No, because h takes the second parameter by value, so a copy of c1
will be passed.
To avoid this copy and make sure that a reference is passed, either
change h to take second parameter by reference, or explicitly give
template argument types like this:

In other words, when the type P is calculated, will it be calculated
as 'C' or 'C&' ?  and why?

as C, because type of c1 is C. (Note that this has nothing to do with
the declaration of c1 being "C c1". Even if the declaration would had
been "C& c1 = c;" still P will get inferred as C, becuase what you are
passing is an object of type C. (In c++ you can't decide at the call-
time whether you are passing a reference or value, and hence I believe
that the only way to make sure that a reference is passed in this case
is one of the two ways mentioned above.)

Thanks.

 

[Neelesh]

                      ;





Did you mean

           g(p);

?

Isn't f(p) appropriate? f is the first parameter to h, which can be a
function pointer, and p could be a valid argument to it. For example,
in the current case F can be void(*)(C&) and P can be C.
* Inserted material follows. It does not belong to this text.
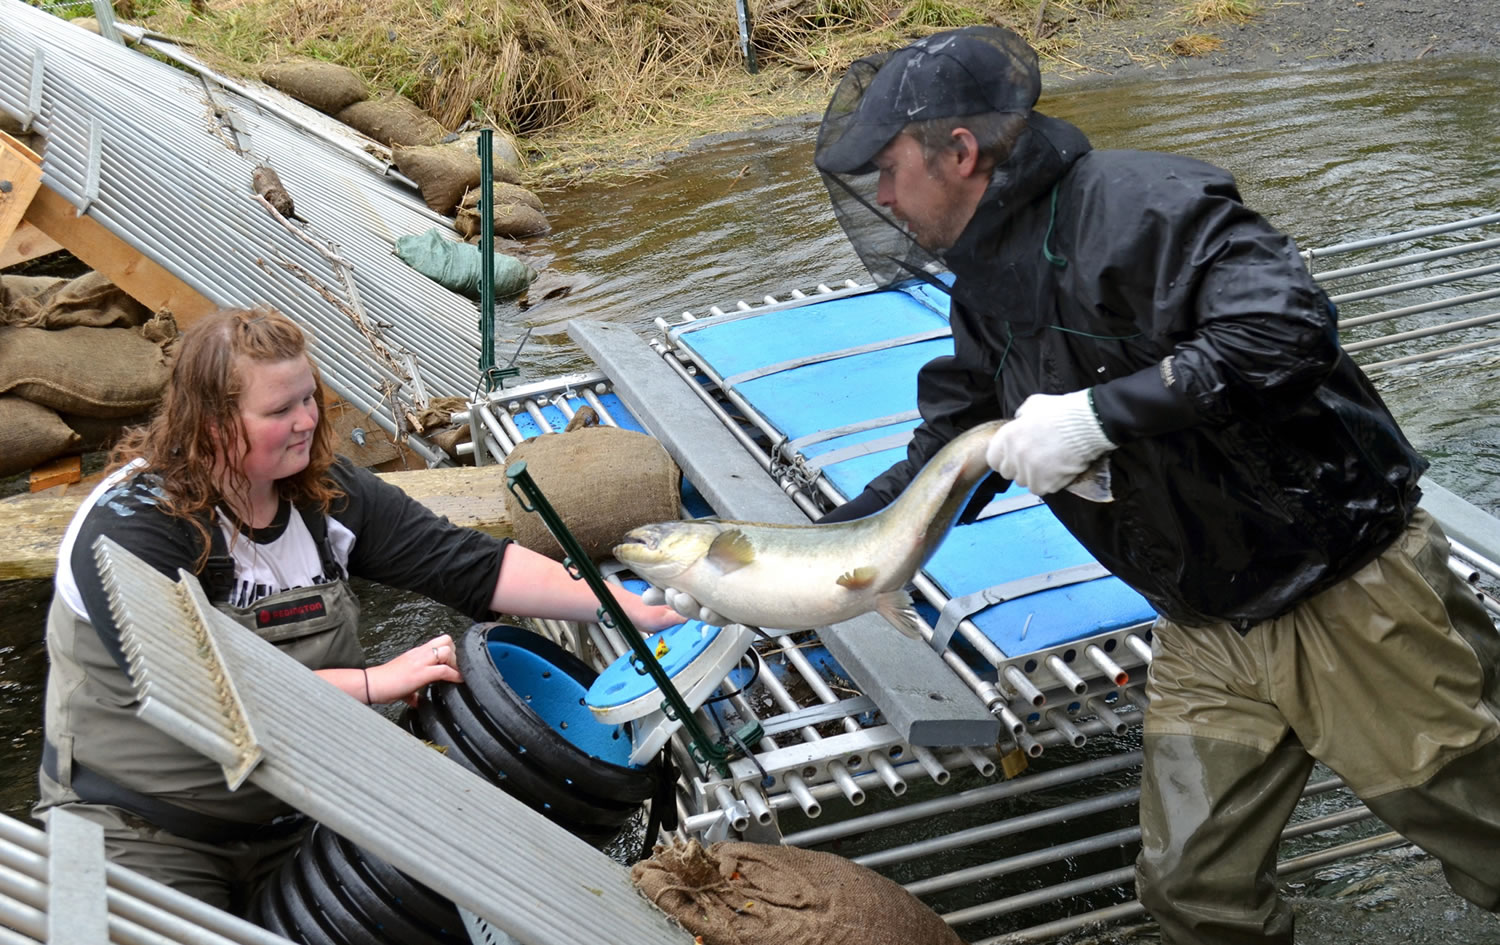 Alaska Department of Fish and Game biologists Kate Kimmel and Tyler Polum load a chinook salmon into a container on Monashka Creek in Kodiak, Alaska, in July.

This code (using f(p) ) compiles well for me (of course by making
necessary minimal changes).

 

[Andrew Tomazos]

    template <class F, class P>
    void h(F f, P p)
    {
        f(p);

Did you mean

           g(p);

?
[snip]
The local variable of the 'h' function (instantiated from the template)
will be modified by the call to 'g' (I hope it was a typo that you wrote
'f' there).

No, I really meant f(p). F will be deduced as a function pointer
type, so you can pass g as a parameter to the template and then call
it. This is how functor objects are formed.
-Andrew.

 

[Victor Bazarov]

Isn't f(p) appropriate? f is the first parameter to h, which can be a
function pointer, and p could be a valid argument to it. For example,
in the current case F can be void(*)(C&) and P can be C.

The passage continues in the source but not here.